Dans une interview accordée à l’agence TAP, Jean-Luc Revéreault, représentant de la Banque européenne d’investissement (BEI) en Tunisie, a confirmé la volonté de son institution d’accompagner le pays sur plusieurs fronts stratégiques. Qu’il s’agisse de renforcer la compétitivité des PME, de moderniser les réseaux ferroviaires ou d’optimiser la gestion de l’eau et de l’énergie, la BEI se dit prête à financer des projets structurants. À une condition : être sollicitée officiellement par les autorités tunisiennes.
« Nous sommes prêts à financer, mais c’est au gouvernement tunisien de solliciter ces projets », insiste Jean-Luc Revéreault.
Énergie : sobriété d’abord, attractivité ensuite
Premier axe prioritaire pour la BEI : l’efficacité énergétique. Face à la pression sur les ressources et au coût élevé des importations, la banque plaide pour des investissements massifs dans la sobriété énergétique, au même titre que dans les renouvelables.
Un projet est en cours de négociation avec les autorités tunisiennes. Objectif : permettre au pays d’économiser ses ressources, tout en améliorant son attractivité auprès d’investisseurs énergivores, comme les data centers.
« On sous-estime trop souvent les gains liés à l’économie d’énergie, alors qu’ils sont aussi décisifs que la production elle-même », note Revéreault.
La BEI travaille également sur des projets d’infrastructure énergétique : liaison électrique Tunisie-Italie (cofinancée par l’UE à hauteur de 307 M€), modernisation des réseaux, et stockage par pompage à Tabarka.

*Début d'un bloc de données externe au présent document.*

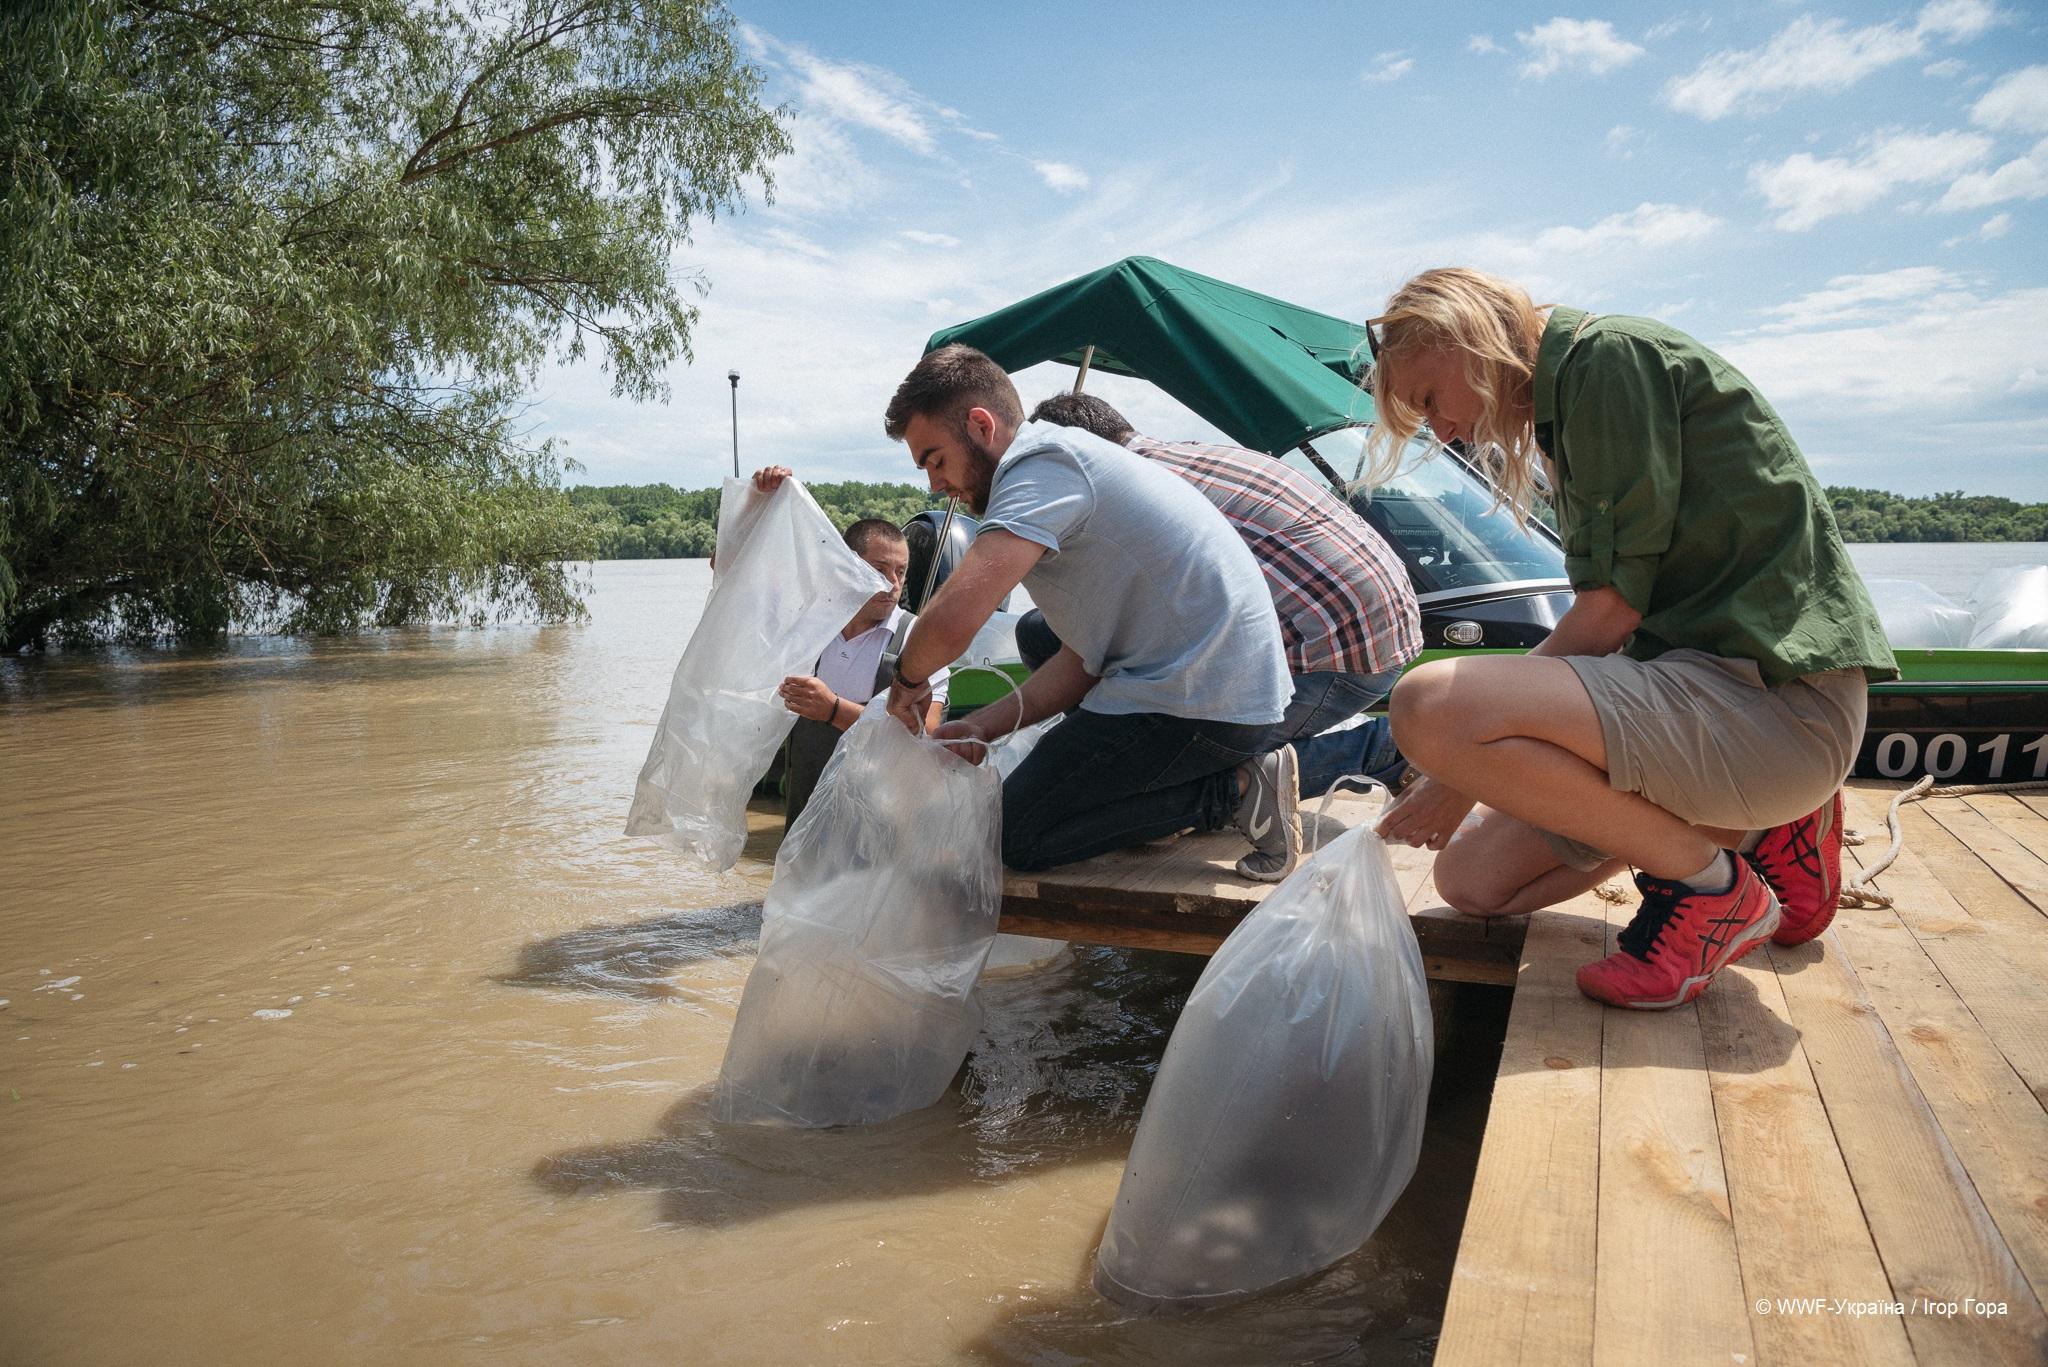 В Дунай выпустили 10 тысяч мальков стерляди, чтобы восстановить популяцию

Eau potable : limiter les pertes, prioriser les villes sensibles
Autre chantier critique : la lutte contre la déperdition d’eau potable. En collaboration avec la SONEDE, la BEI envisage un vaste programme de modernisation des réseaux de distribution, incluant l’installation de compteurs intelligents.
Ce projet vise en priorité les zones desservies par des usines de dessalement, où la moindre fuite représente une double perte – technique et financière.
Les études sont prêtes, et les projections de rentabilité sont solides. Il ne manque que l’activation politique.
Mobilité : relancer le rail, désenclaver les régions
La BEI est également engagée dans un dialogue avec la SNCFT autour d’un projet de réhabilitation des lignes ferroviaires abandonnées et d’amélioration de celles en service.
L’objectif : renforcer la mobilité interrégionale, fluidifier le transport de marchandises, et soutenir la transition vers des modes de transport moins polluants.
La banque participe déjà au financement de plusieurs infrastructures : le RFR, le TGM, les routes GP13 et RR27… mais estime que le rail reste un levier sous-exploité pour la relance économique.
PME tunisiennes : un appui conditionné à la compétitivité
Si la BEI s’engage à hauteur de 170 millions d’euros pour soutenir les PME et entreprises de taille intermédiaire, elle souligne que le principal frein à leur internationalisation n’est pas l’accès au financement, mais leur manque de compétitivité.
Une enquête réalisée dans le cadre du programme « Trade and Competitiveness Programme » (TCP) révèle que beaucoup d’entreprises tunisiennes ne sont pas préparées aux normes environnementales européennes, telles que le mécanisme d’ajustement carbone aux frontières.
Pour y remédier, la BEI prévoit :
- Une ligne de crédit de 170 M€ déployée via des banques locales ;
- Une ligne de garantie de 8 M€ (BH Bank et UBCI) pour couvrir les risques ;
- Un appui technique ciblé dans trois secteurs clés : agriculture, textile, automobile.
Le message est clair : à la Tunisie de déclencher le financement
La BEI ne cache pas sa volonté de faire plus. Mais sans validation politique, les projets resteront en attente. Et au-delà des financements, c’est le climat général des affaires qui freine encore la transformation.
« Le parcours du chef d’entreprise tunisien est encore trop compliqué. Alléger les contraintes administratives, fiscales et logistiques devient essentiel.